Task inputs ->
______________________________

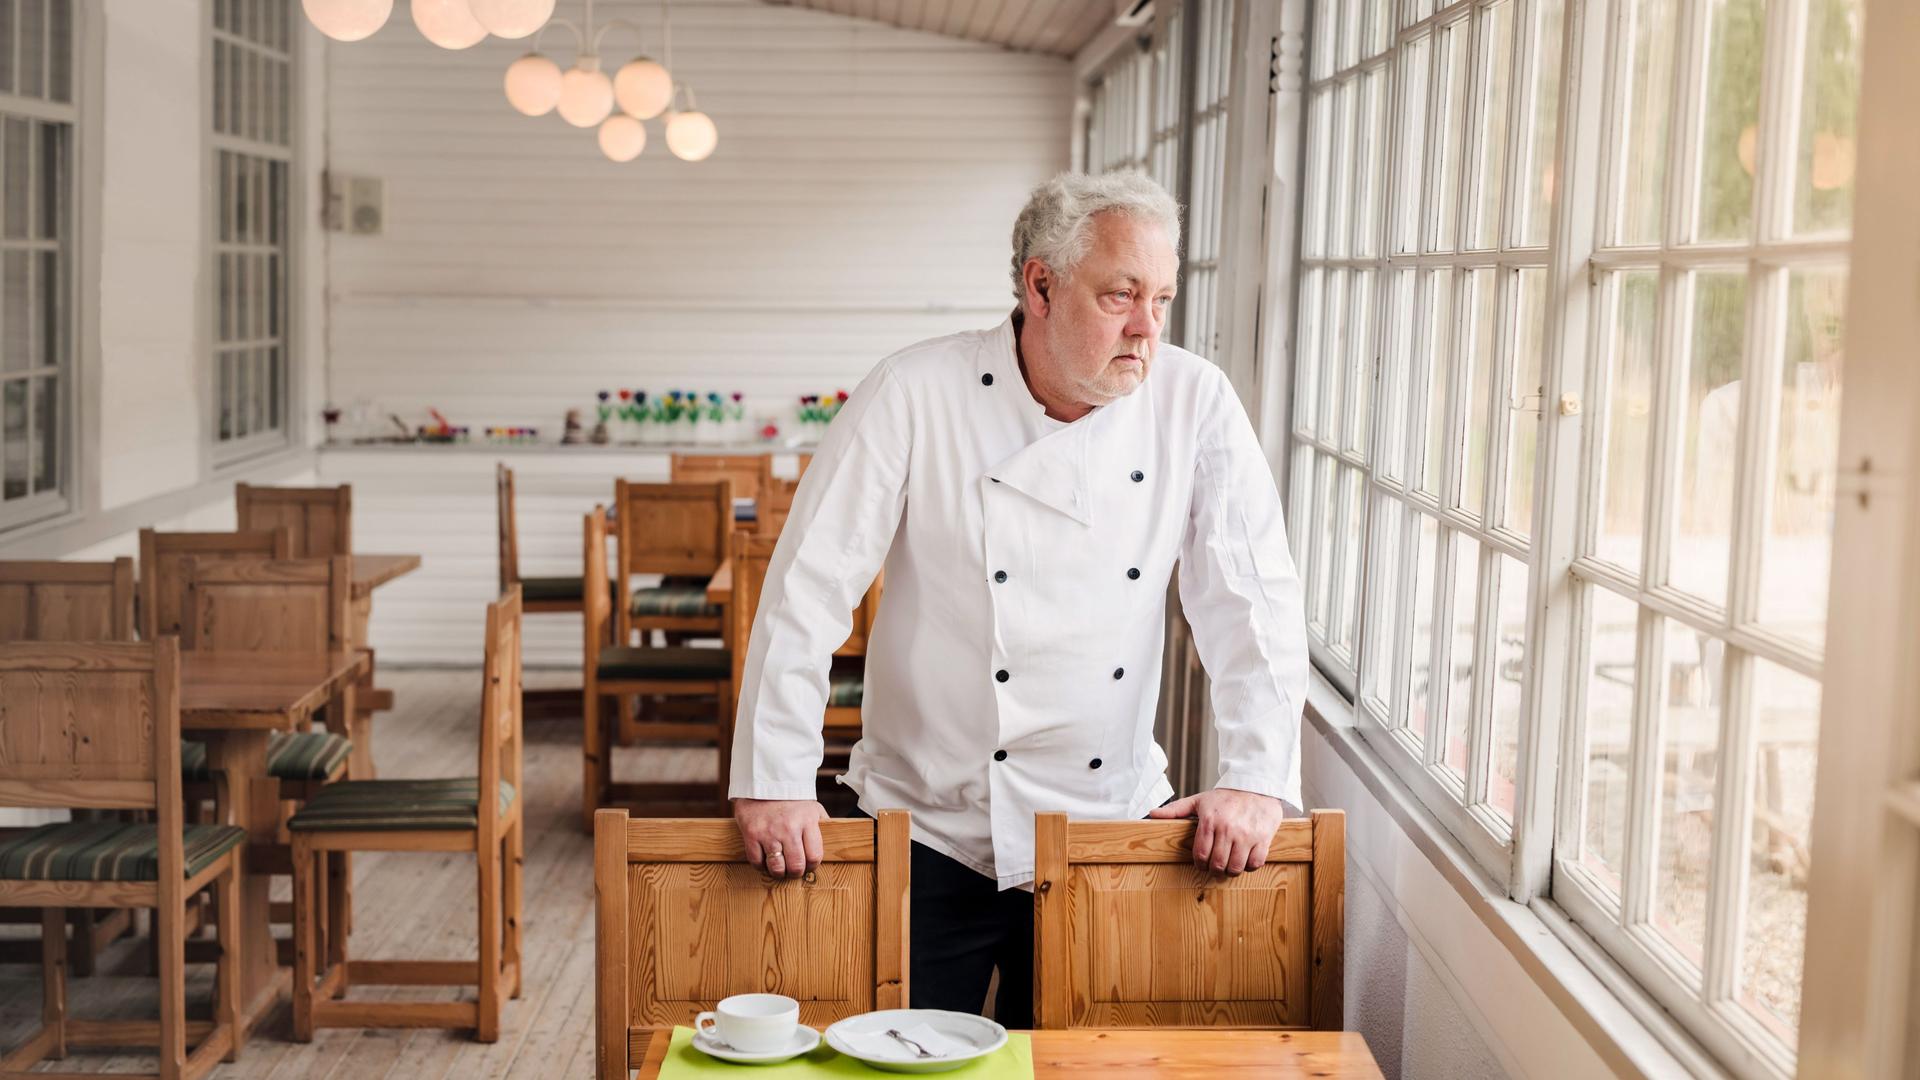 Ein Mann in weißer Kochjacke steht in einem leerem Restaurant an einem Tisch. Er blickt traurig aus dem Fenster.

______________________________

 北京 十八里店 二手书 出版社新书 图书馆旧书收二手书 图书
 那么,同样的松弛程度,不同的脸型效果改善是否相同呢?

______________________________

Assigned task ->
Only the lines above from the line with "北京 十八里店 二手书 出版社新书 图书馆旧书收二手书 图书" to the line with "那么,同样的松弛程度,不同的脸型效果改善是否相同呢?", those two lines included, should be reproduced exactly.

Your response ->
 北京 十八里店 二手书 出版社新书 图书馆旧书收二手书 图书
 那么,同样的松弛程度,不同的脸型效果改善是否相同呢?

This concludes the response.